He also associates it with the moon, and links the full moon to the propitious moment for covens, in which ritual nudity will become a symbol of freedom. These words are practically a carbon copy of the words of Aradia, goddess of witches and daughter of Diana and Lucifer, in the Italian Gospel of the Witches.

<< When you have a need, once a month and preferably on a full moon, meet in some secret place and worship my spirit, I who am the queen of witches and warlocks. There will gather those who wish to learn all the magic, those who have not discovered its deepest secrets. To these I will teach there what is still unknown. You will be free from slavery and as a symbol of your real freedom you will celebrate your rites in nakedness (…) >>

Nudity today is not an obligation. In the 20th century, a large part of the occult orders, especially Crowley and Gardner, insisted on nudity as an important part of the rites, whether purification, sexual, invocation... nudity was a way of showing oneself free, not only spiritually, but from social pressures.

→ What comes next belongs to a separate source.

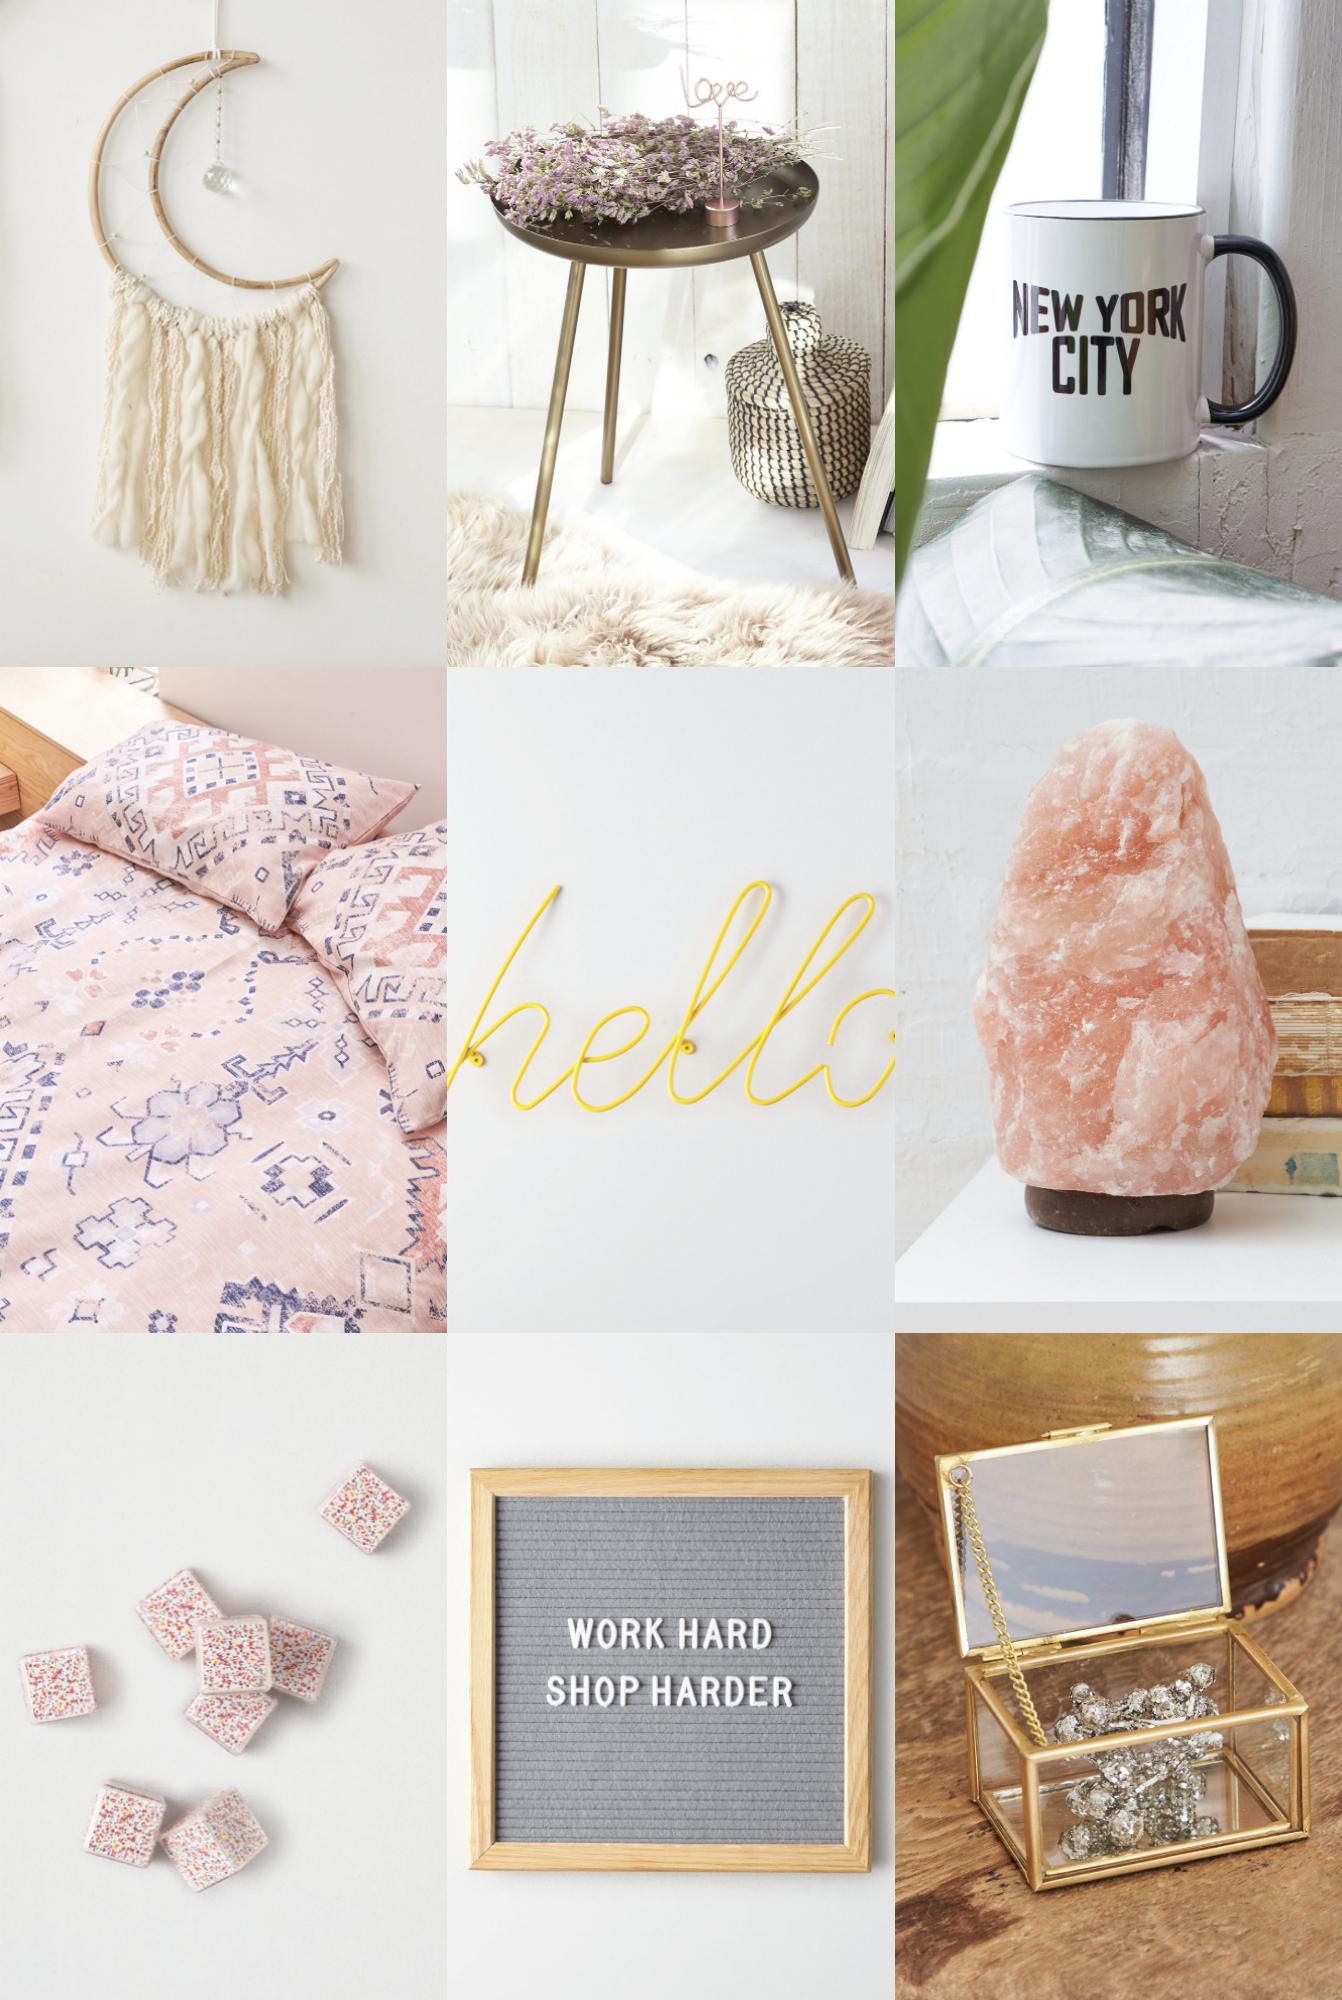 Mash Elle lifestyle blogger | home design | home decor | hello neon sign | room inspo | salt lamp
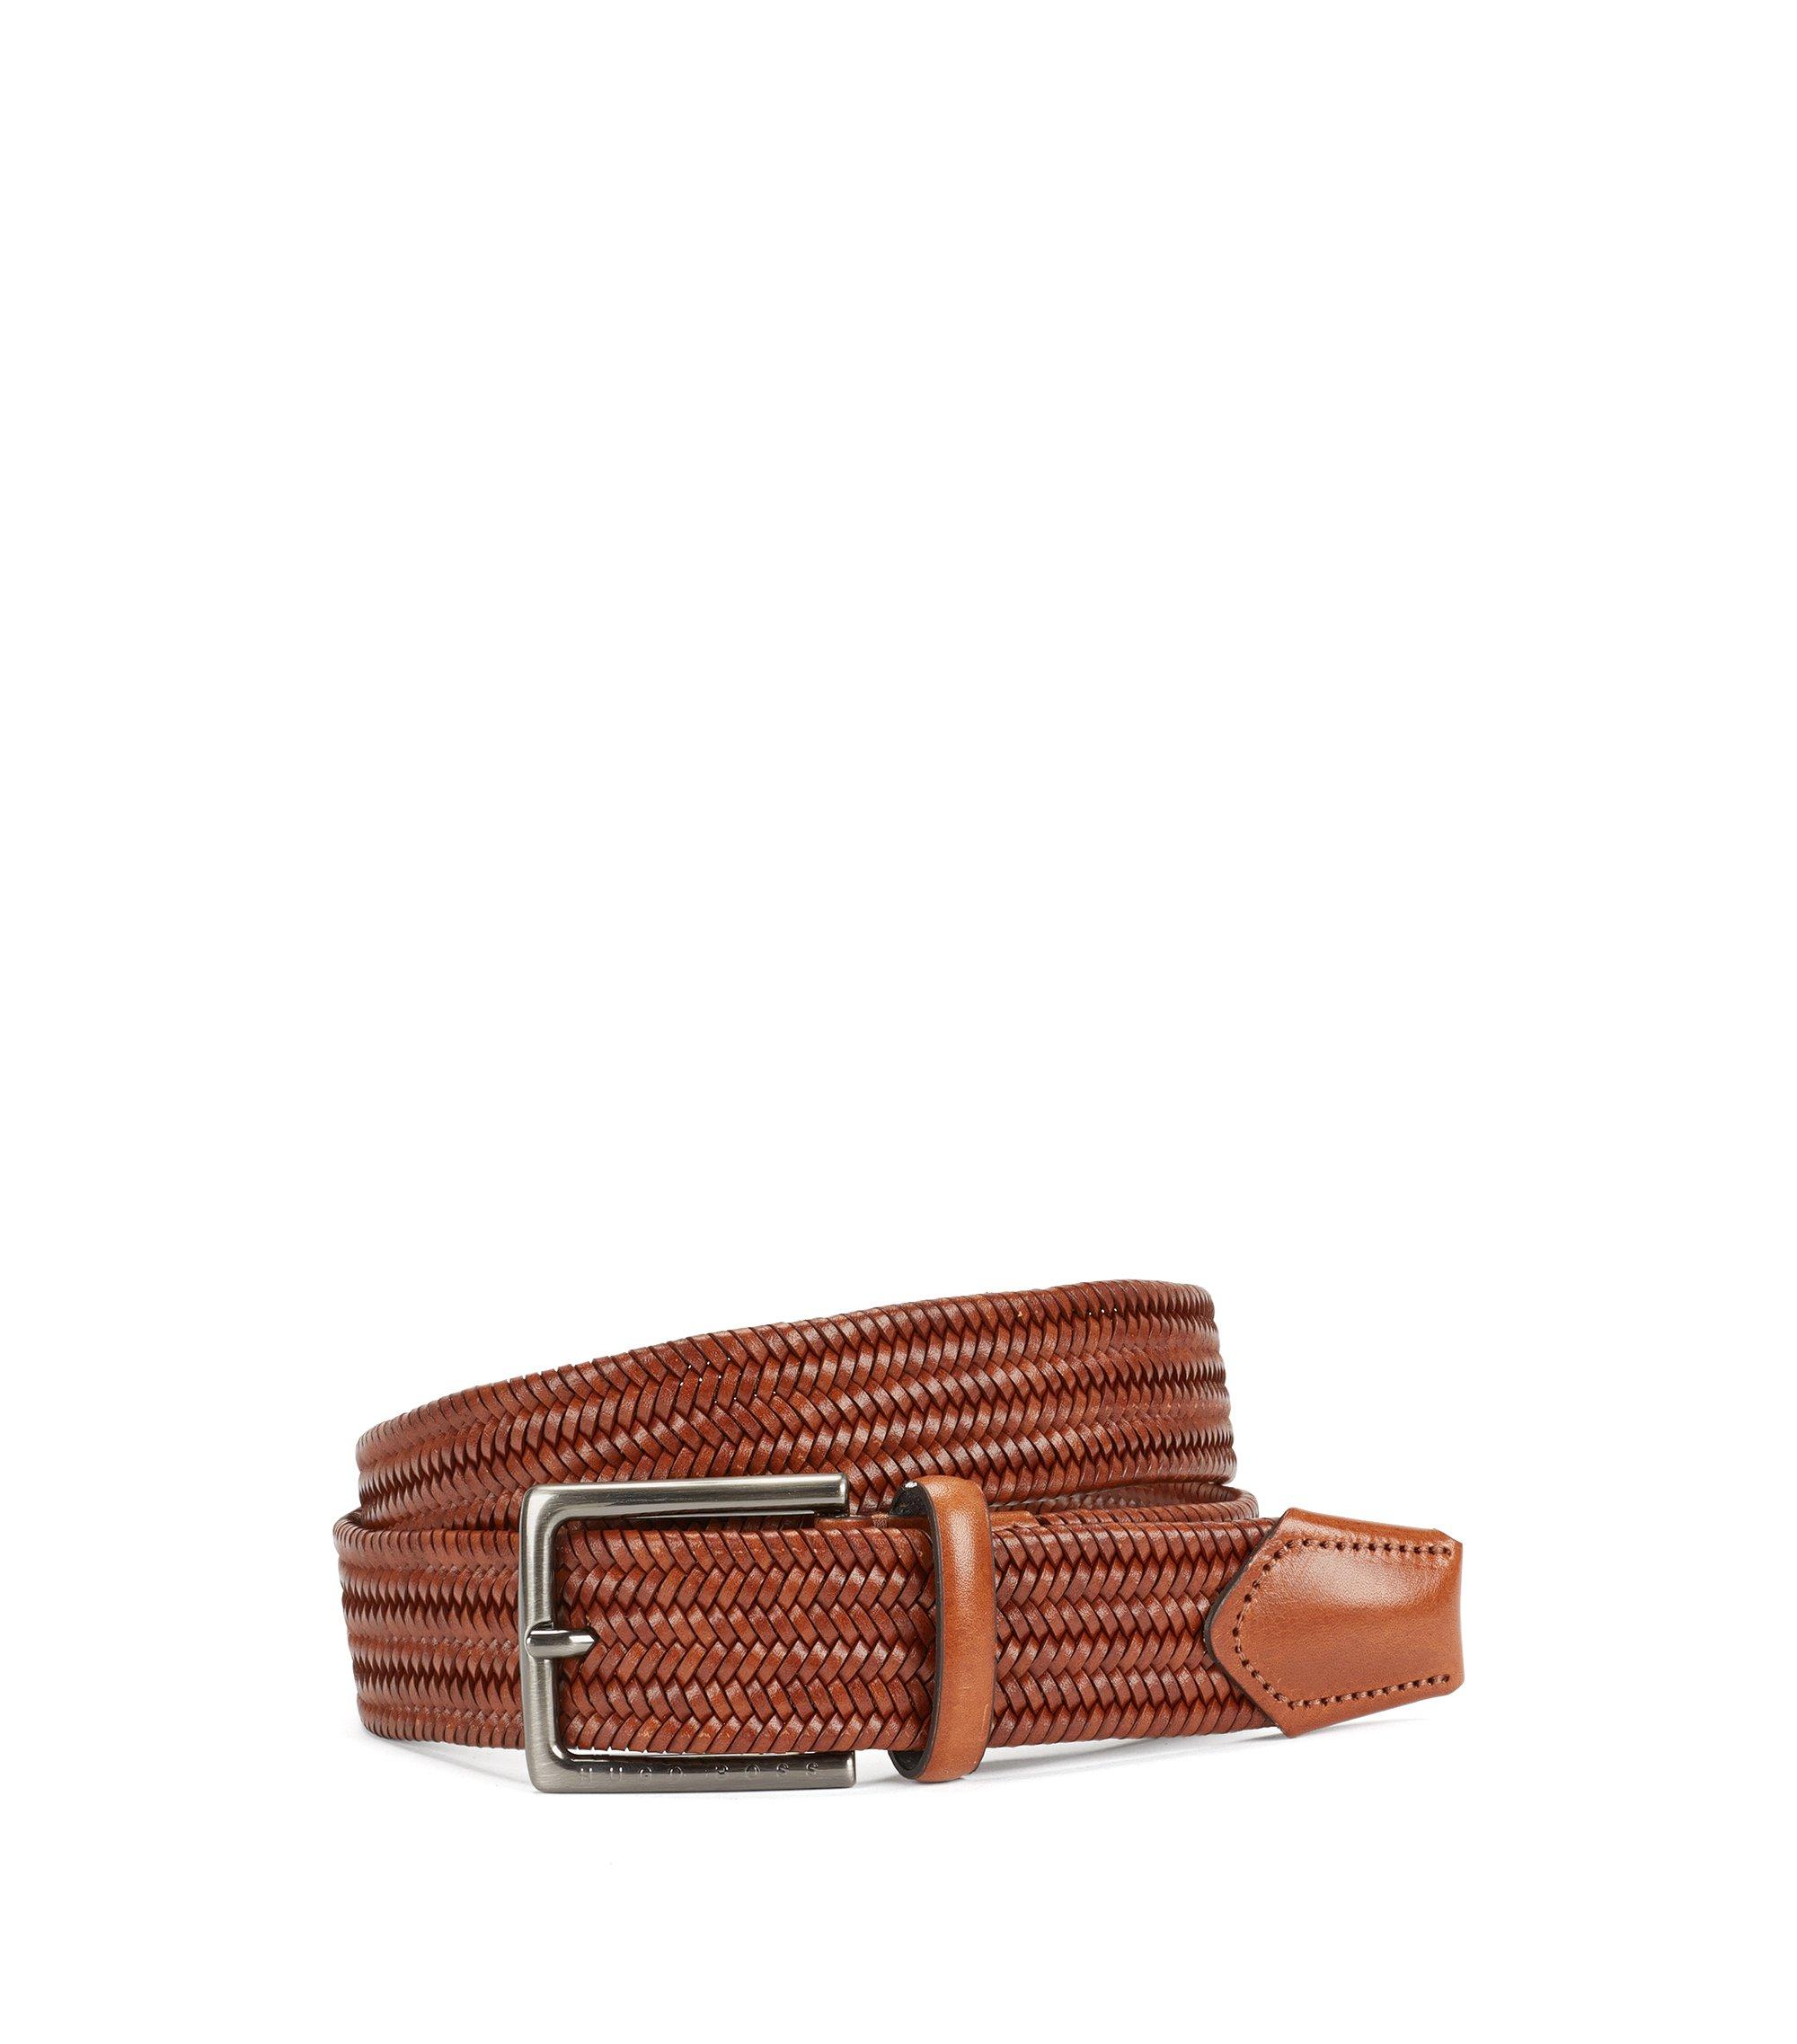 Leather Handcrafted Braided Belt | Semyo Sz35 Mxwn, Brown

Likewise, the Goddess exposes her blessings and the prize of immortality. It is clearly indicated that animal sacrifice is not necessary in Wicca: << I do not demand any sacrifice since I am the mother of all that is living and my love waters the earth. >>

After the monologue and presentation of the goddess, the magical words or chants take place. The text used are magic words used in Le miracle de Theóphile, a religious theatrical performance from the 13th century, the work of the troubadour Rutebef. In it, the sorcerer Salatin (probably a name inspired by Saladin), makes an invocation to the demon using these same words.

<< Bagahi laca bachahé
Lamac cahi achabahé
Lamec bachalyos
Cabahagi sabalyos
Lagozatha cabyolas
Samahac et famyolas
Harrahya! >>

Some scholars have proposed that the text is a bad transcription of Basque words, others that they are "meaningless" words, as occurred in ancient or medieval spells, but the majority of Wiccan authors downplay this importance. Most practitioners consider them to be magic words traditionally used in covens, and treat them as such. The High Priestess is then "possessed" by the Goddess, and her words are spoken in an oracular manner to the coven, which may summon her on the occasion of a festival or Sabbat, or for any specific reason that they wish to raise.

Invocation to God

At the same time, a ritual of invocation to the masculine divinity was developed, although the case in which possession by the God takes place is rare. Rather, the invocation is used above all to symbolize the presence of God when a rite takes place where the representation of both sexes is relevant.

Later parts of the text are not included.